Enuma Elish
王の意志に従い世界を書き換える、創造と破壊の呪文。
エヌマ・エリシュは、ウルクの英雄王ギルガメッシュが持つ最強の宝具である。しばしば『創造』の呪文、あるいは純粋な光のビームと表現され、神々から最初の王に与えられた創造と破壊の絶対的な権威を具現化している。物質を切断する通常の武器とは異なり、この能力は現実そのものを根本的なレベルで書き換え、他の全ての手段が不十分と判断された際に、ギルガメッシュの切り札として機能する。
- User
- Gilgamesh
- Type
- Anti-World / Anti-Fate Noble Phantasm
- Rank
- EX
- Affiliation
- King of Uruk (Sumer)
- First Appearance
- Fate/stay night
- Status
- Active
背景と経緯
エヌマ・エリシュの圧倒的な規模は、他の宝具とは一線を画す。単に敵を破壊するだけでなく、戦場そのものを消滅させる脅威をもたらす。これは、王が世界を統べるならば、それを完全に作り変える権利を持つという概念を体現している。その破滅的な潜在能力ゆえに、ギルガメッシュがこの力を解放することは稀であり、自身の存在や人類の命運が危機に瀕した時のみに留められる。それは、彼の傲慢さと神々の血統の究極の表現である。
その歩み
戦場の空は暗転するどころか、ありえない色彩の万華鏡へと砕け散った。ギルガメッシュはただ一人立ち、黄金の鎧を急速に地平線を飲み込む虚無に輝かせていた。彼は剣を掲げず、矢を放つこともなかった。代わりに、彼は最後の一度だけ、宝物を解き放つのではなく、創造そのものの息吹を導くために、バビロンの門を開いた。彼の手のひらからは、目もくらむような絶対的な光の柱が噴出し、山々も海もろとも消し去りながら、万物の終焉を宣言する神の声を響かせた。
読者ガイド
エヌマ・エリシュは、神々から直接の権威を授かった英雄王としてのギルガメッシュの特異な地位に由来する。その仕組みは、効果範囲内の物理法則を書き換えることで、従来の耐久力や防御力を無効化することにある。発動には膨大な魔力を必要とし、多くの場合、ギルガメッシュはバビロンの門を完全に開くか、極限の場合は自身の生命力を引き出すことを強いられる。視覚的には、地平線全体を覆う巨大な黄金の光のビームとして現れ、詠唱の音と現実の歪みを伴う。戦闘において、その効果は絶対的であり、爆発範囲内のいかなるものも、概念攻撃や運命改変能力に対する特定の対抗手段を持たない限り、生存することはできない。これにより、戦場は事実上、ギルガメッシュの意志を描くためのキャンバスと化す。
豆知識
- その名は、マルドゥクが女神ティアマトの体から世界を創造したという、古代バビロニアの創世神話に由来する。

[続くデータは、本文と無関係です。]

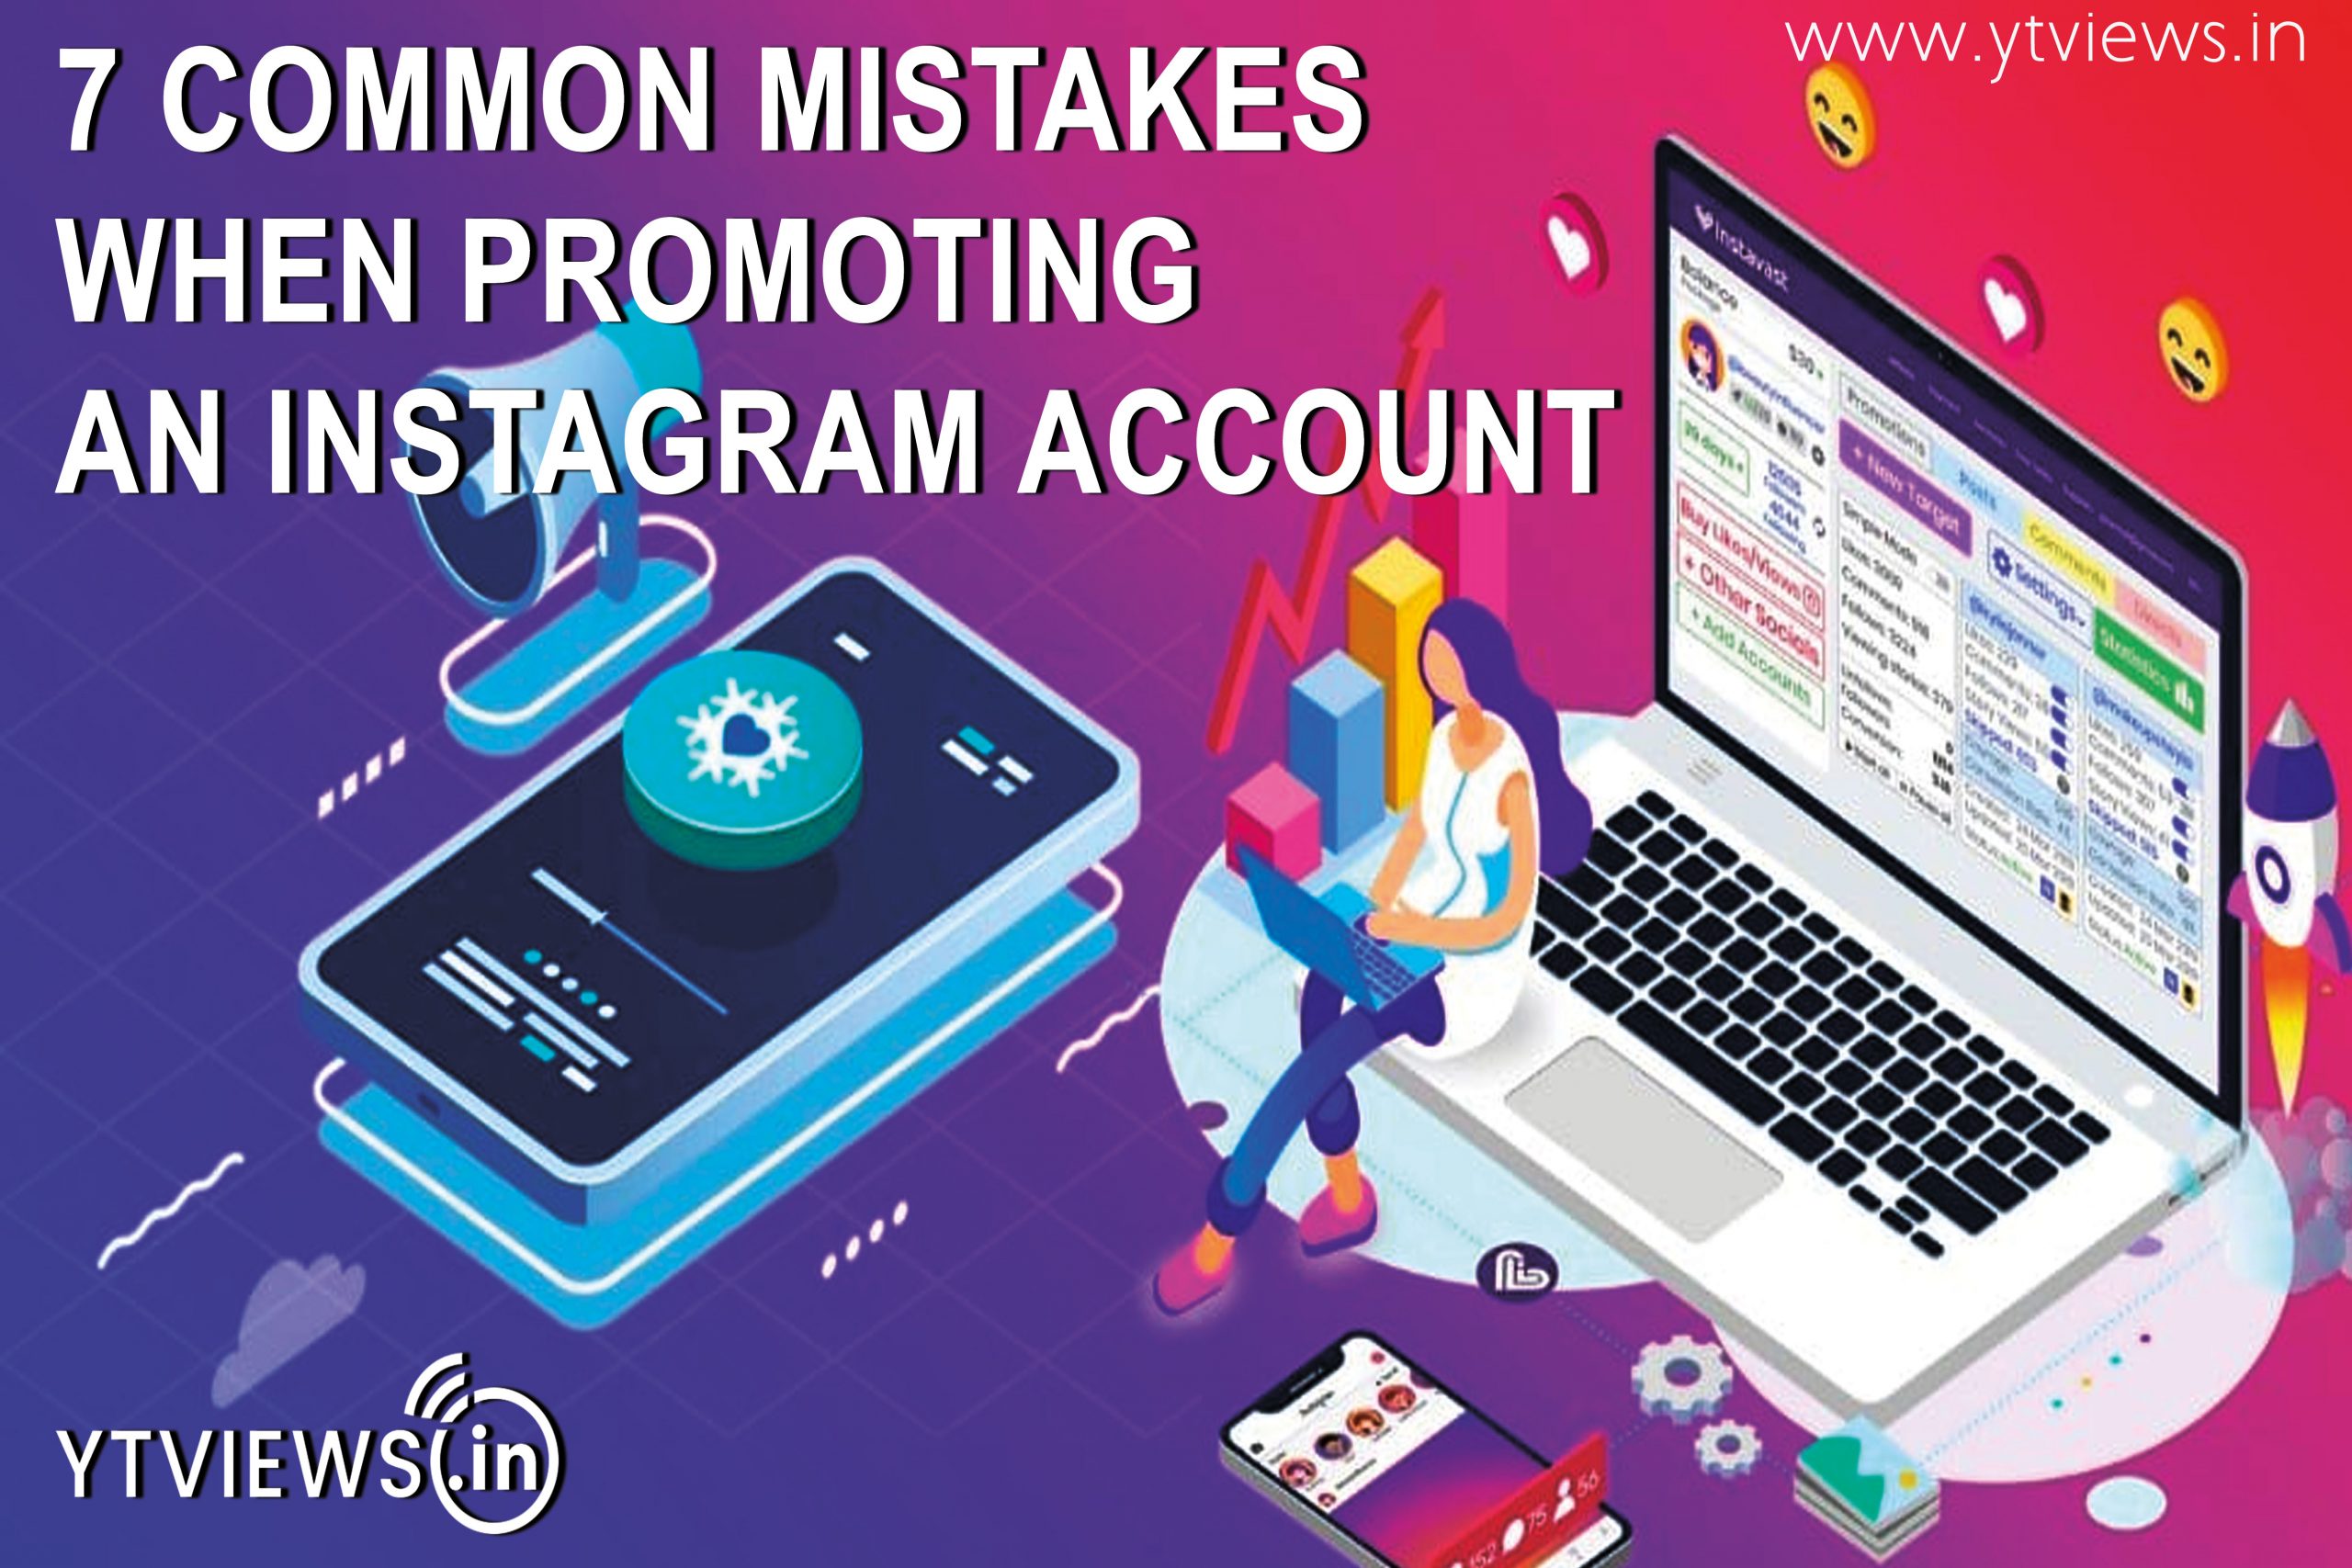 7 common mistakes when promoting an Instagram account

- これは、景観全体を消し去る能力を持つため、『対界』に分類される数少ない宝具の一つである。
- ギルガメッシュはこれを自身の究極の切り札と考え、そのような光景に値すると判断した相手にのみ使用する。
- この呪文は、物理的なダメージを与えるだけでなく、存在そのものの概念を書き換えるものとして描かれることが多い。